Input data:
+++

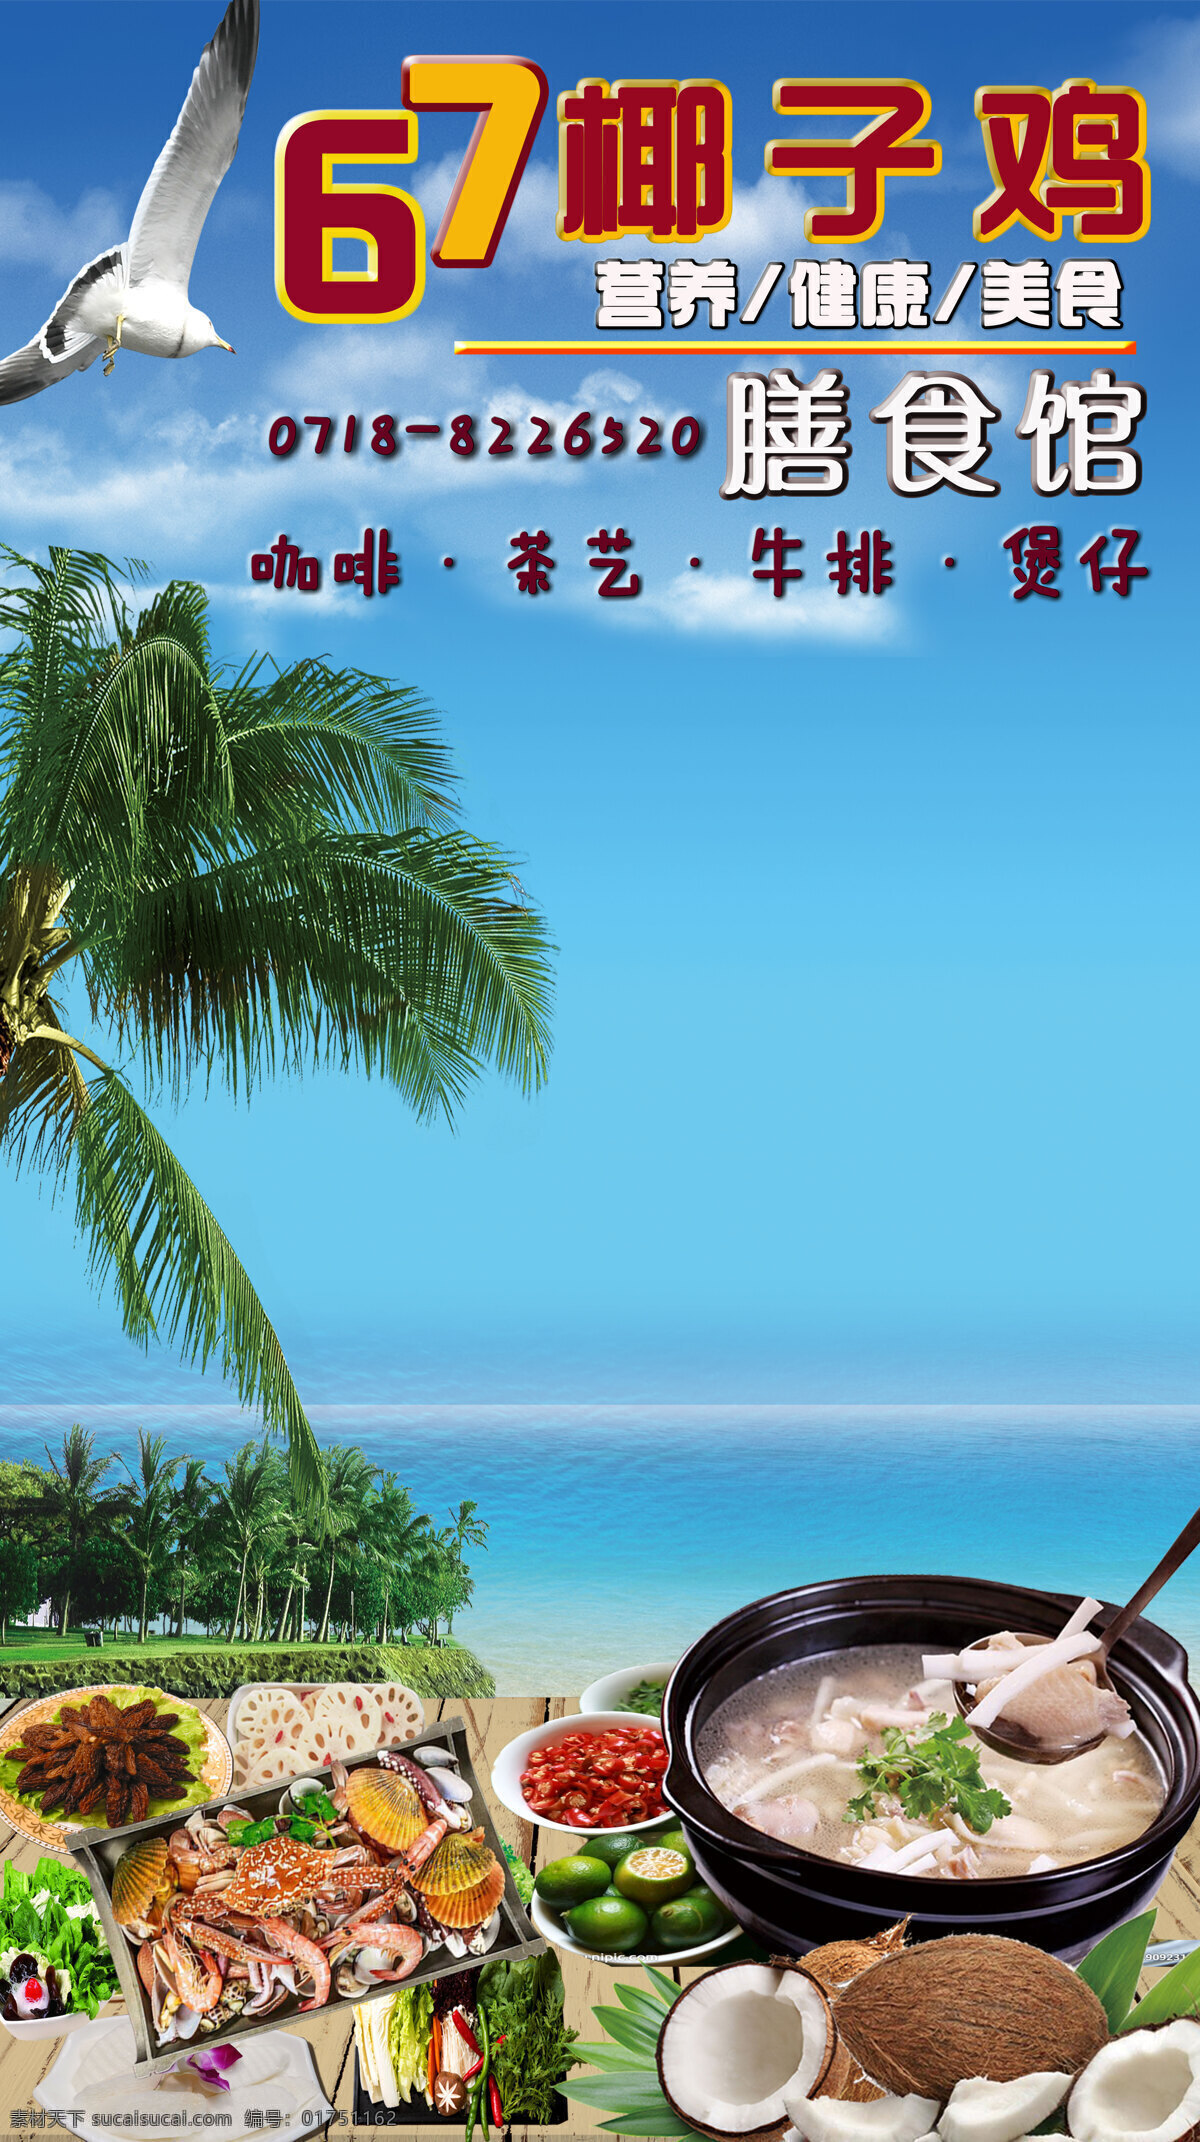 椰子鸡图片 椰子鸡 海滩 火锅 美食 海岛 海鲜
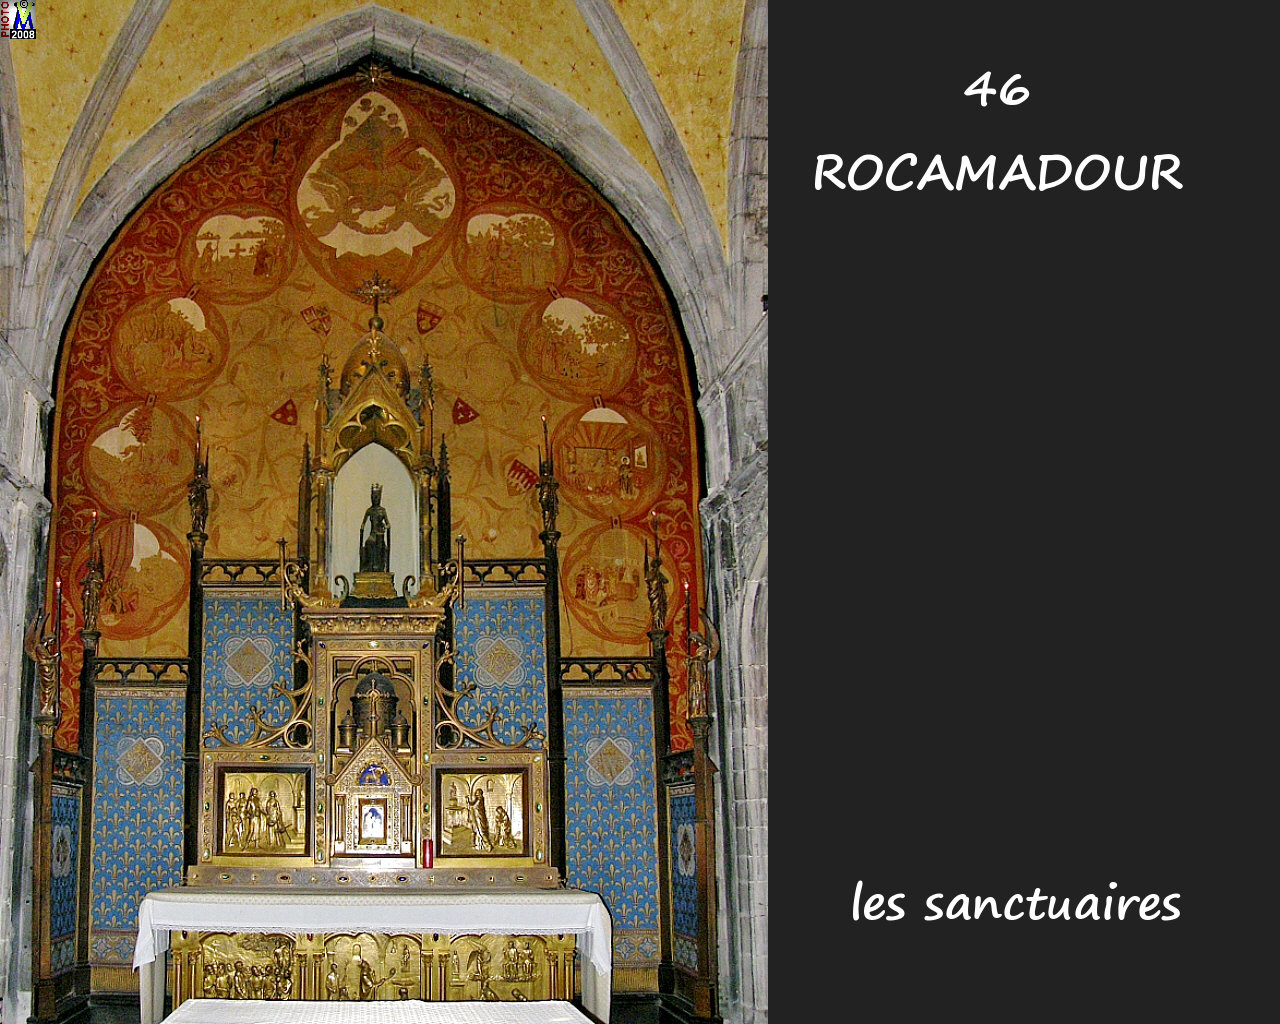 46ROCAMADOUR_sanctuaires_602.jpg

+++

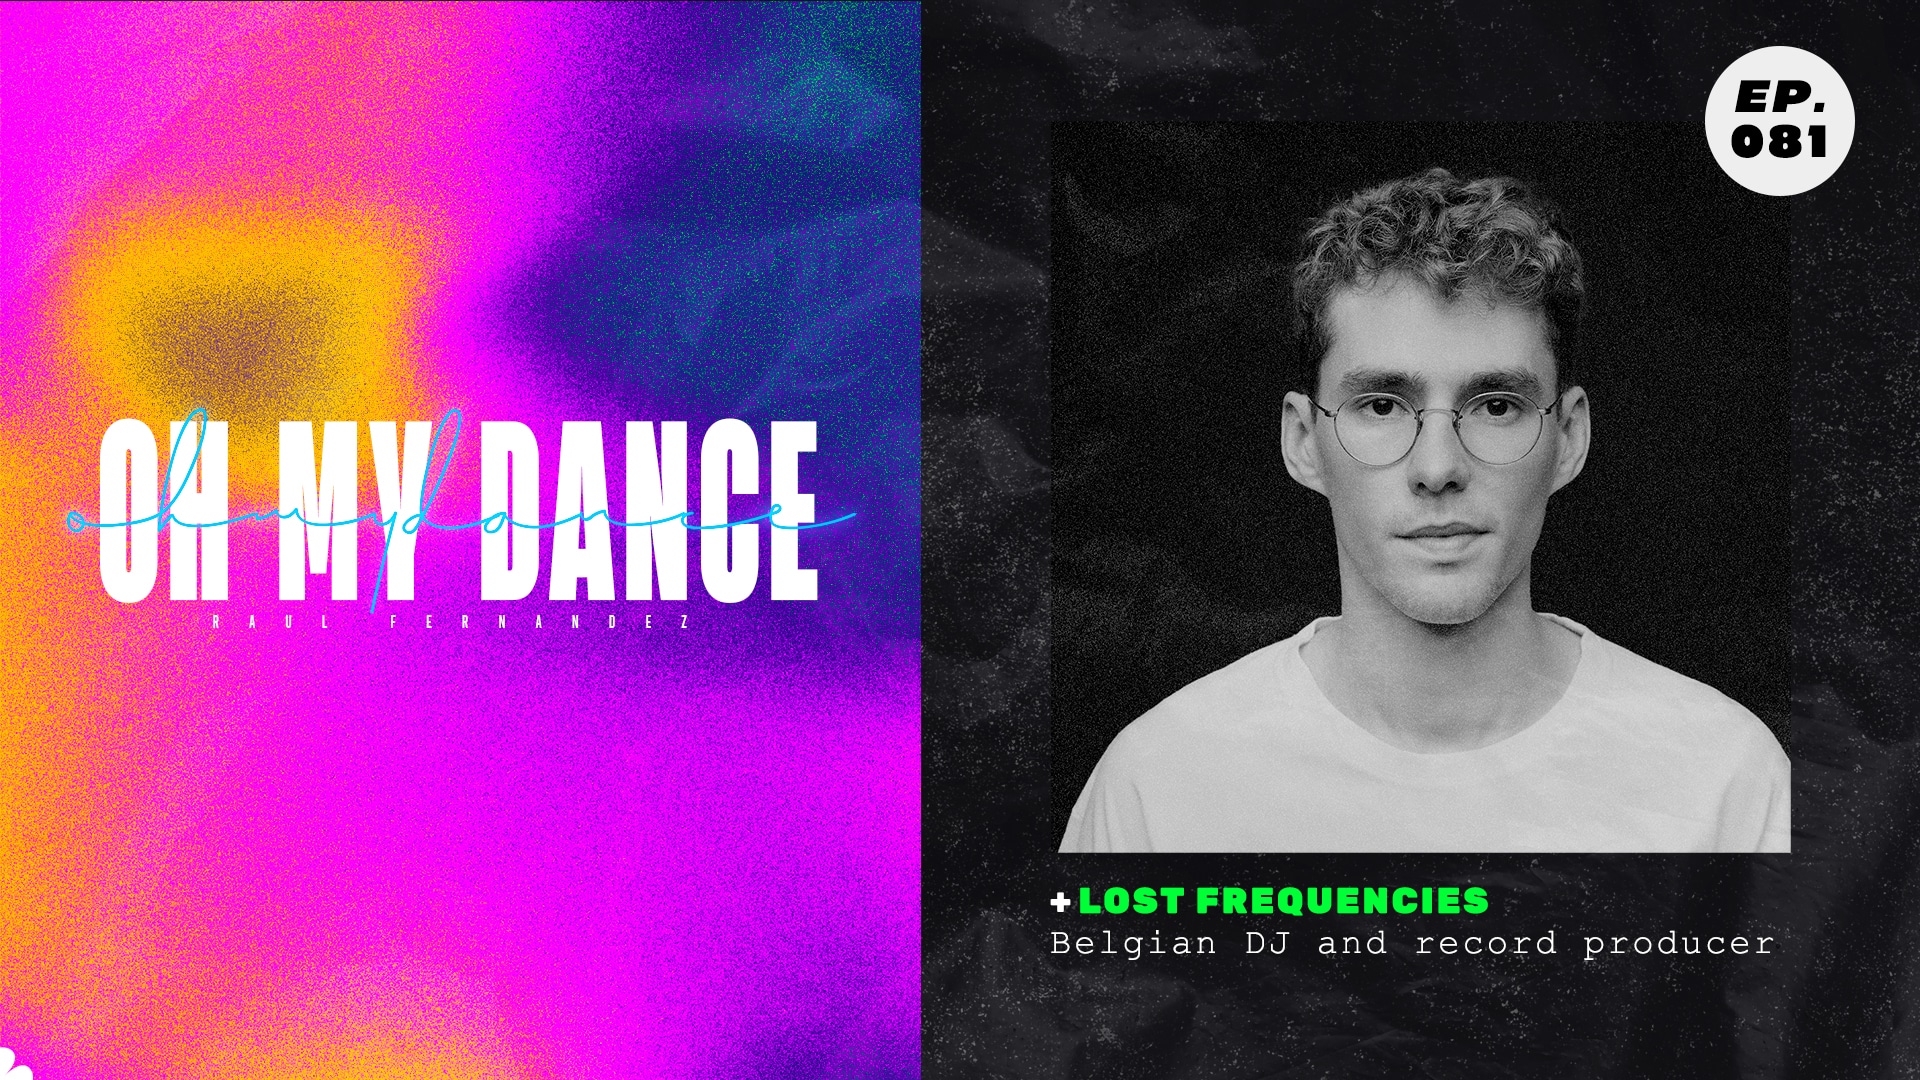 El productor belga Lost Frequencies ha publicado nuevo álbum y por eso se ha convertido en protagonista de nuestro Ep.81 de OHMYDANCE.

+++

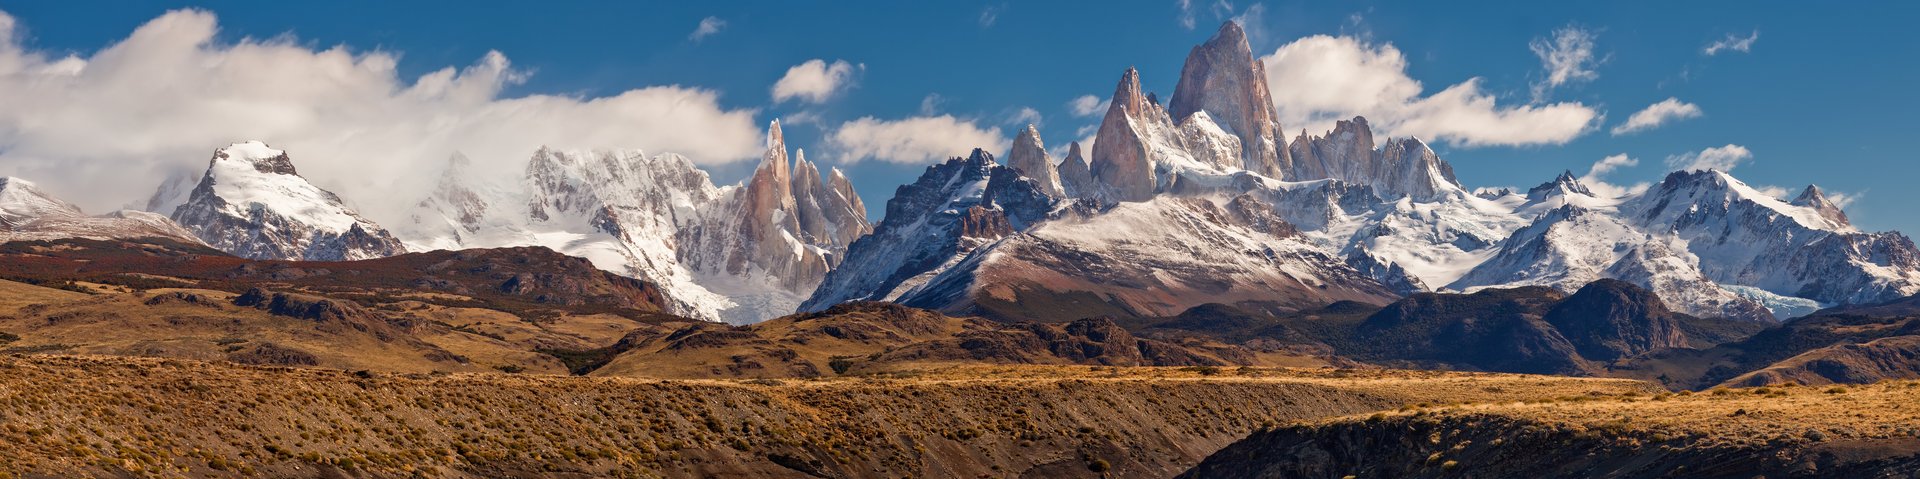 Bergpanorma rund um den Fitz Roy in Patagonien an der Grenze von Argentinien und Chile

+++

What you will do:
Everything above from the line that has "椰子鸡图片 椰子鸡 海滩 火锅 美食 海岛 海鲜" down to the line that has "46ROCAMADOUR_sanctuaires_602.jpg" should be output exactly, with both of those lines included. Leave the pictures behind.

Output for this task:
 椰子鸡图片 椰子鸡 海滩 火锅 美食 海岛 海鲜
 46ROCAMADOUR_sanctuaires_602.jpg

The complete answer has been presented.